Japan-based academic Zhang Yun notes that despite the political rivalry between Prime Minister Fumio Kishida and the late Shinzo Abe, they were political partners that needed each other. With Abe’s demise, will Kishida be able to rein in the other factions of the Liberal Democratic Party and rebuild a unified order within the party and in the government?
Fumio Kishida, Japan's prime minister and president of the Liberal Democratic Party (LDP), at the upper house election, at the party's headquarters in Tokyo, Japan, 10 July 2022.

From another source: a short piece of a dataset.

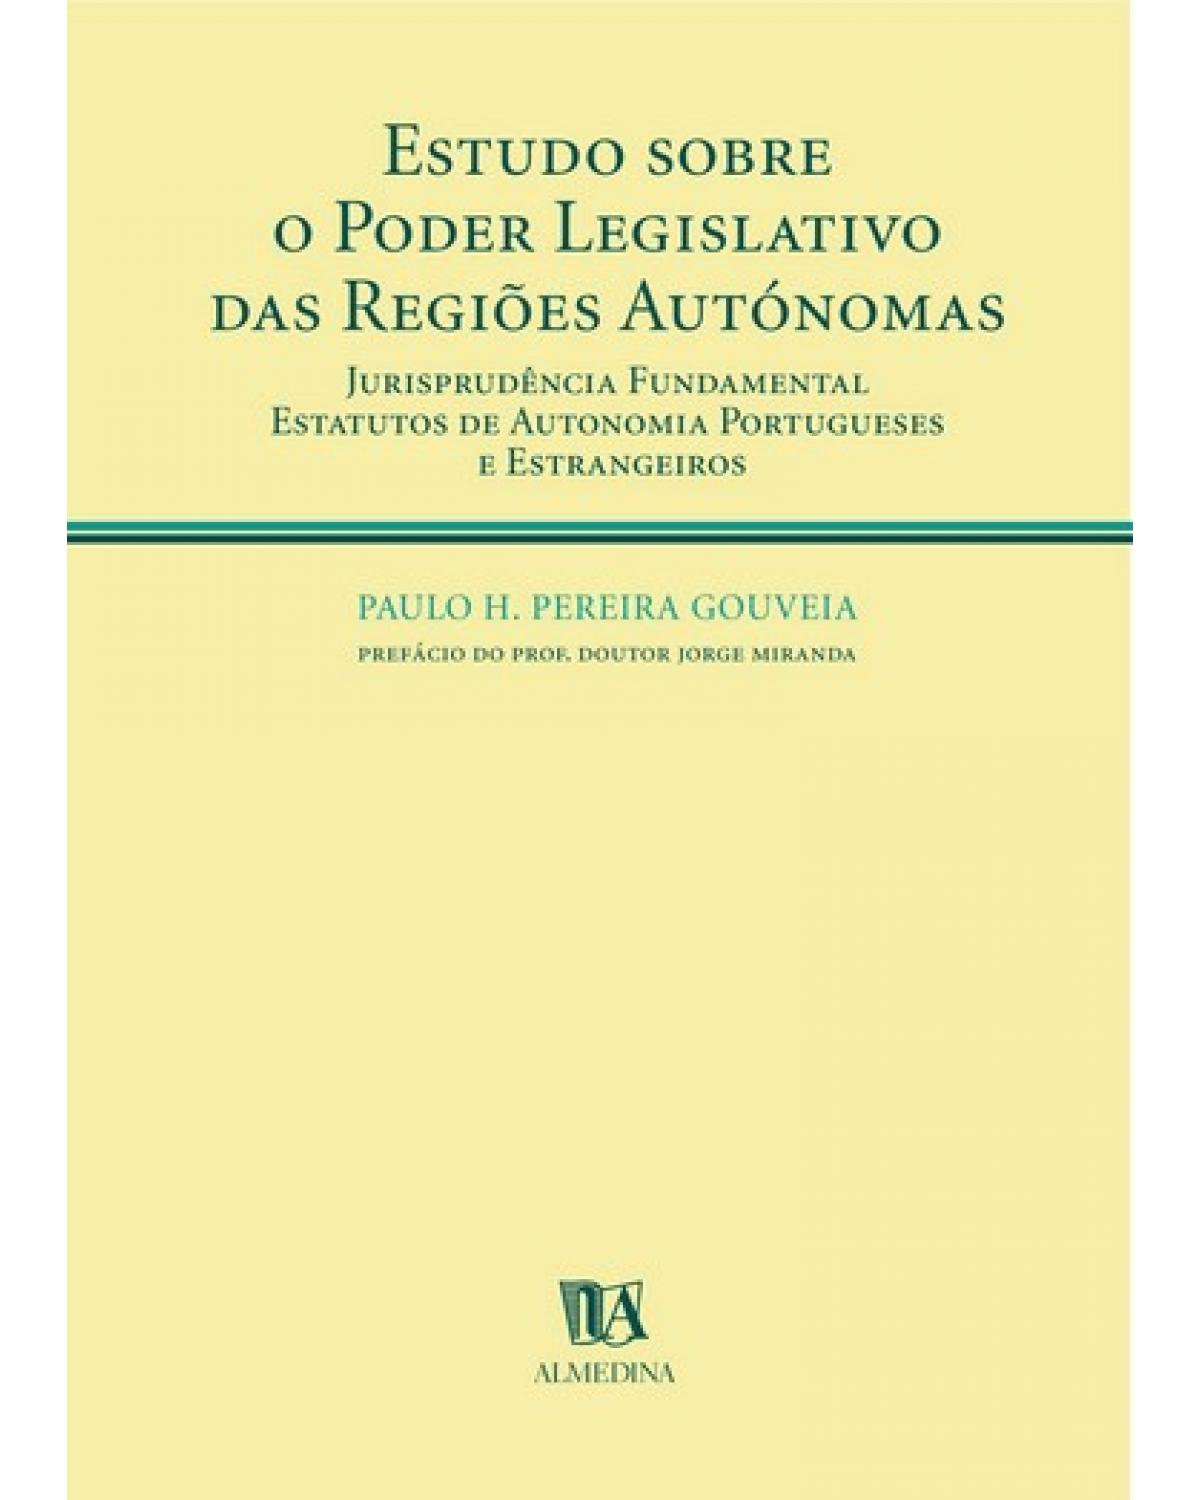 Estudo sobre o poder legislativo das regiões autónomas - jurisprudência fundamental - Estatutos de autonomia portugueses e estrangeiros - 1ª Edição | 2003

Fumio Kishida, Japan's prime minister and president of the Liberal Democratic Party (LDP), at the upper house election, at the party's headquarters in Tokyo, Japan, 10 July 2022.

After former Japanese Prime Minister Shinzo Abe’s assasination on 8 July, the Liberal Democratic Party (LDP) won a landslide victory in the upper house election on 10 July. Analysts say that Prime Minister Fumio Kishida has a firm grip on power now that his arch rival in the party is gone.

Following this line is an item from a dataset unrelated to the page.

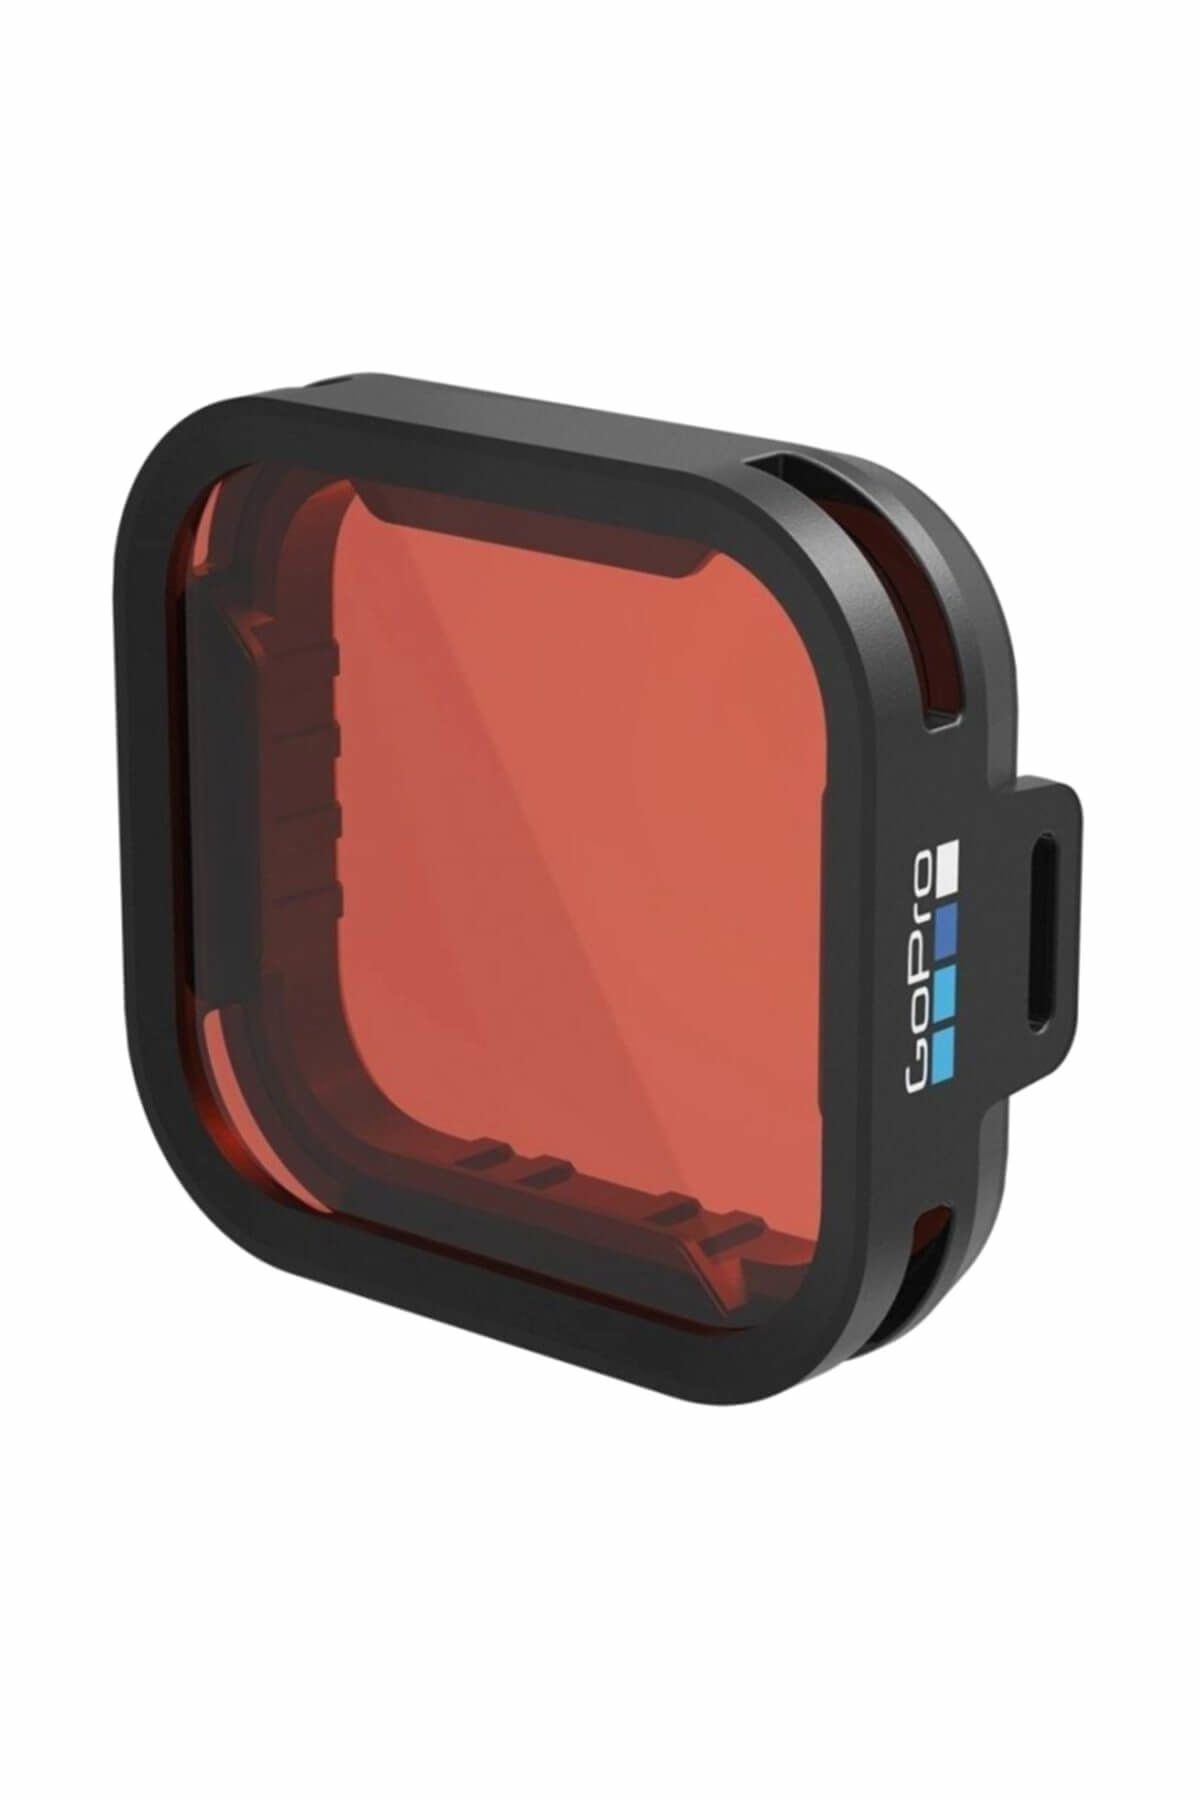 GoPro HERO 5 Black Mavi Sular için Şnorkel Dalış Filtresi

As general elections are not imminent, Kishida is thought to have “three golden years” ahead of him to transition from Abenomics to a new capitalism and to realise constitutional revision, a feat that Abe was not able to pull off.

With the demise of the highly influential Abe, Kishida will have greater freedom in personnel and policy decisions. However, it remains to be seen if he will remain firmly in power. Achieving “three golden years” is not so clear-cut due to various challenges, not least rebuilding order within the LDP.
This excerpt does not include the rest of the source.